Not hijacked at all. Please do update me with your thoughts. 

Here is some photos of my 9g tank that I didn't mention about. It's gonna be for shrimps. 

















I will start a new journal when I get more stuff in. They are in the mail right now.


----------



## dunehole (Sep 13, 2011)

That looks like fun to me. I hope I can find tanks at the price you are once I get relocated. 

Looking forward to your up-coming journals. And I'll keep you updated on my 17g.


----------



## Higher Thinking (Mar 16, 2011)

I have an Odyssea 48" that works well. I have managed to suspend it although it is not aesthetically pleasing as units that are meant to be hung. A thing to keep in mind though is that there is no warranty for Odyssea products but the Coralifes that are sold on E-bay come with a 5 year warranty on ballasts.


----------



## dunehole (Sep 13, 2011)

Higher Thinking said:


> I have an Odyssea 48" that works well. I have managed to suspend it although it is not aesthetically pleasing as units that are meant to be hung. A thing to keep in mind though is that there is no warranty for Odyssea products but the Coralifes that are sold on E-bay come with a 5 year warranty on ballasts.


Thanks for the info. Do you have a pic of how you hung it? Did you just drill holes in the top?


----------



## KenRC51 (Oct 13, 2011)

Higher Thinking said:


> I have an Odyssea 48" that works well. I have managed to suspend it although it is not aesthetically pleasing as units that are meant to be hung. A thing to keep in mind though is that there is no warranty for Odyssea products but the Coralifes that are sold on E-bay come with a 5 year warranty on ballasts.

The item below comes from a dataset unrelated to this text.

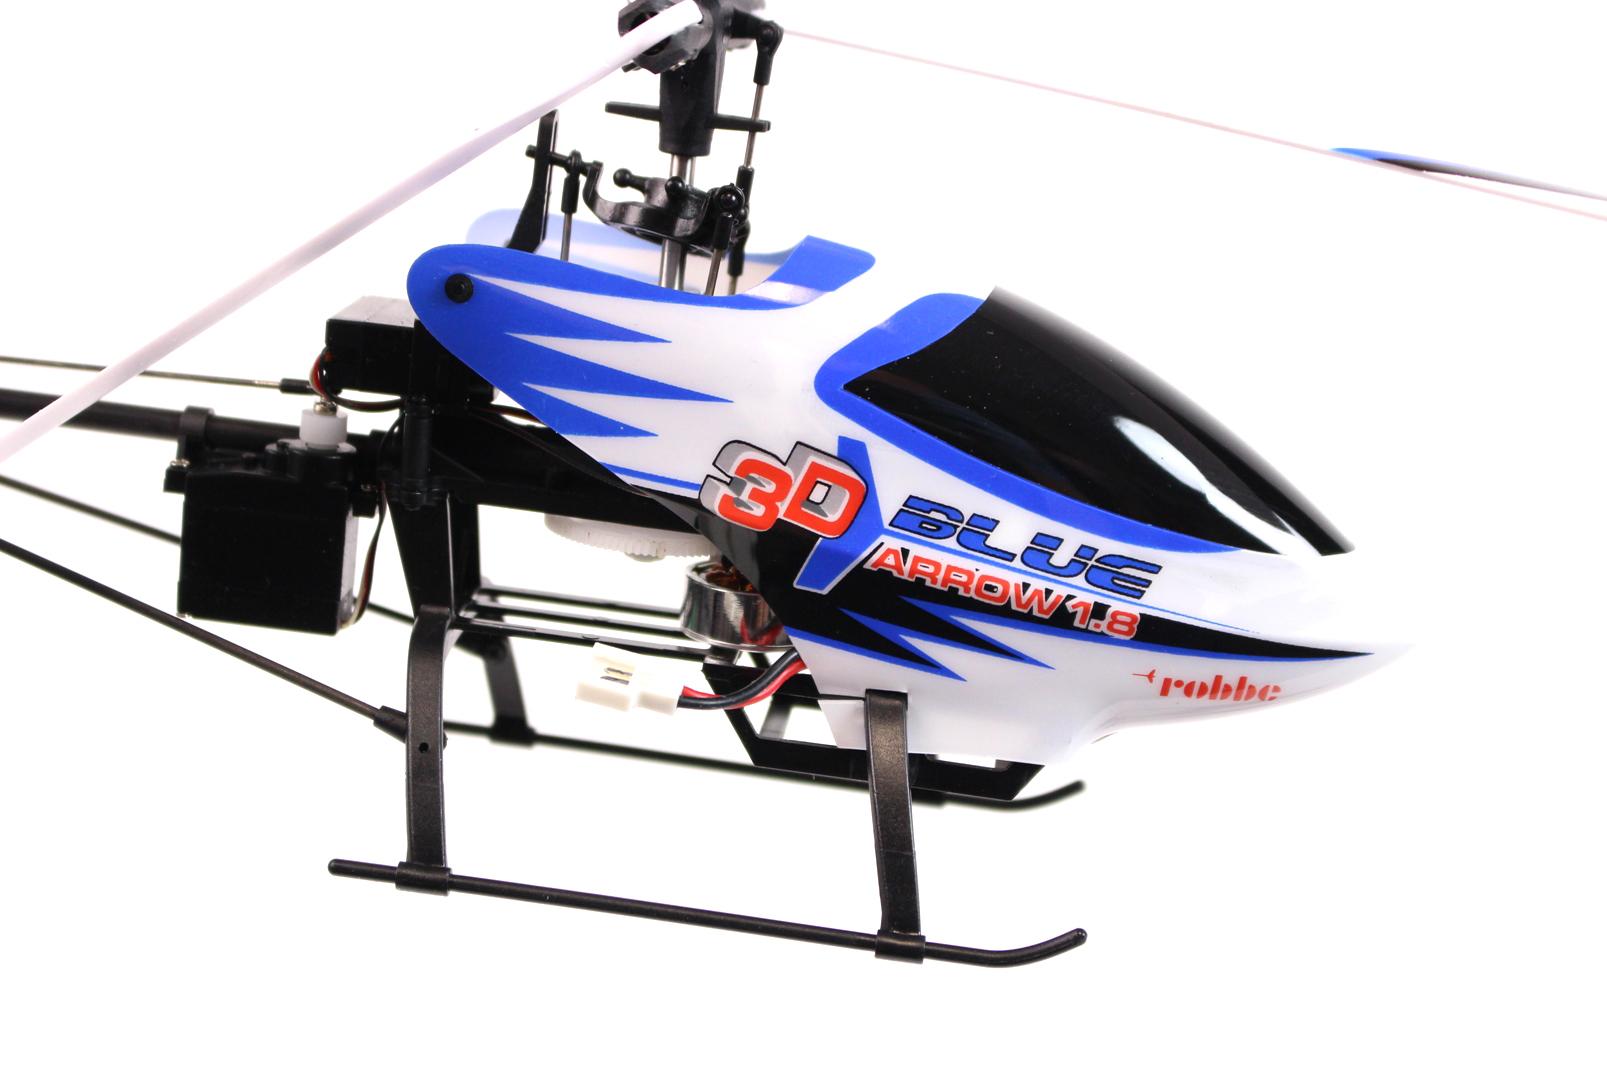 robbe blue arrow 1 8 3d mini hubschrauber 2 4 ghz 4 servos helicopter heli ovp ebay. Black Bedroom Furniture Sets. Home Design Ideas

I'm so glad to hear that your Odyssea is working well. Still waiting on mine to come in the mail.


----------



## Higher Thinking (Mar 16, 2011)

dunehole said:


> Thanks for the info. Do you have a pic of how you hung it? Did you just drill holes in the top?


Check out this thread I made:
http://www.plantedtank.net/forums/diy/143891-using-emt-piping-suspending-light.html


----------



## dunehole (Sep 13, 2011)

Perfect, thanks higher.


----------



## KenRC51 (Oct 13, 2011)

Alrite, I got some more stuff and gonna start the tank running tomorrow morning. Gonna take some photos right now and post it.


----------



## KenRC51 (Oct 13, 2011)

The lights are not for this 9g tank. It's gonna be for my 17g, still waiting for the fish store to get it in. 

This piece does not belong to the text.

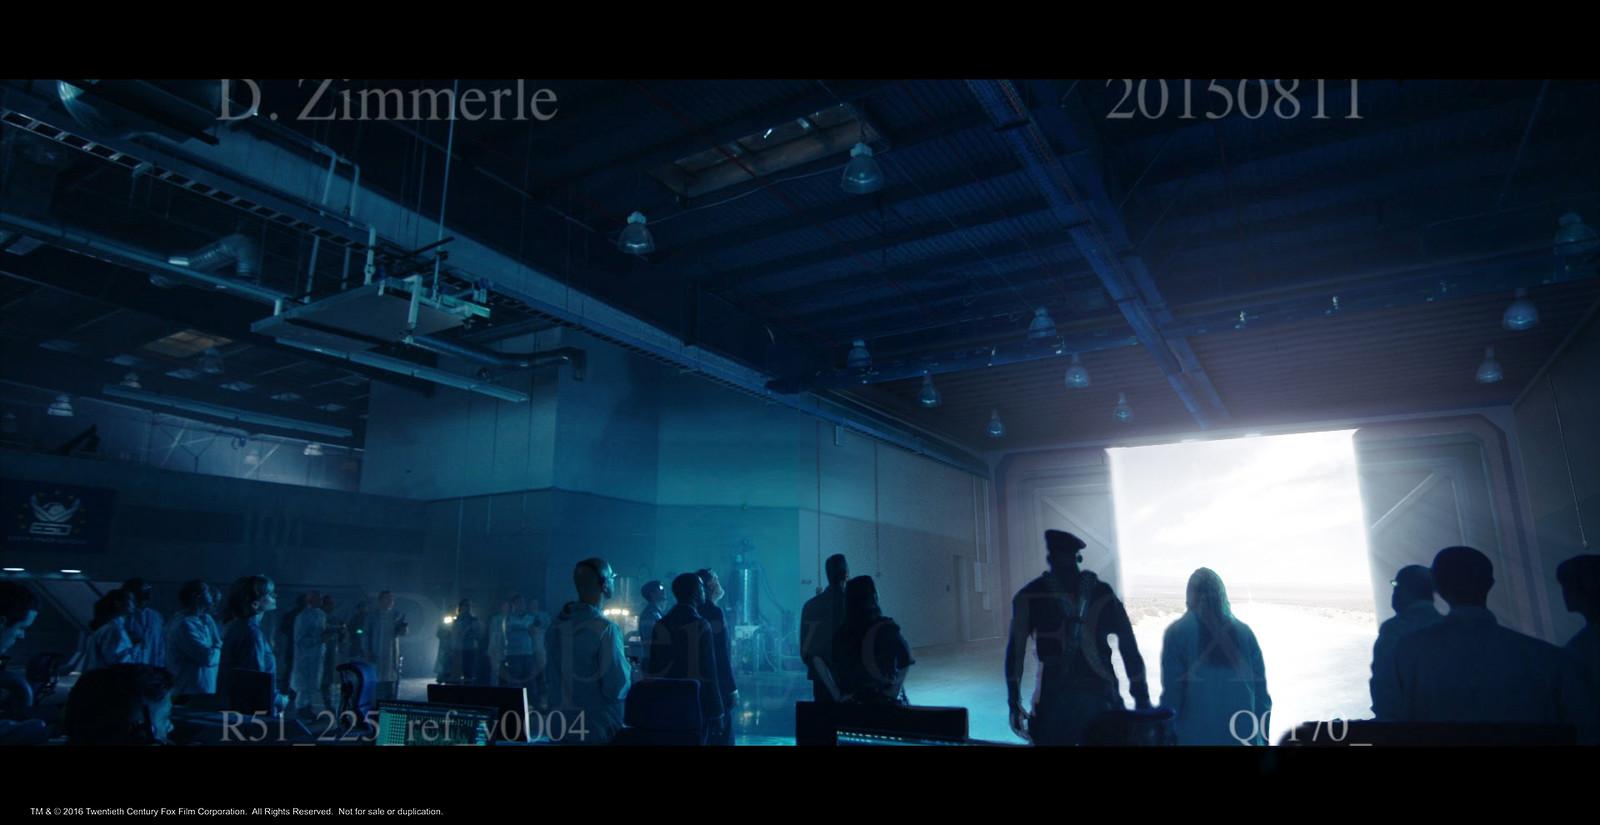 Area 51 hangar set estension.  Part 2 of 4

How should I layout these rocks?



























LED moon light











































































































The top plug is for the LED moon lights.

So far I am happy with the lights. Everything works and lights are really bright. The fixture is pretty sturdy and build quality is OK, what can you except for a $65 light. In fact, if it was priced for $100 I wouldn't mind paying for it...its worth it to me. 

Dunehole, I don't see mounting brackets so the best way to mount is it probably what the other guys posted the link to.


----------



## dunehole (Sep 13, 2011)

Yeah, I am studying your pics and I dont see any other way to do it. Unless I drilled through the center, messing up the reflector, and put in some hanging wire...


----------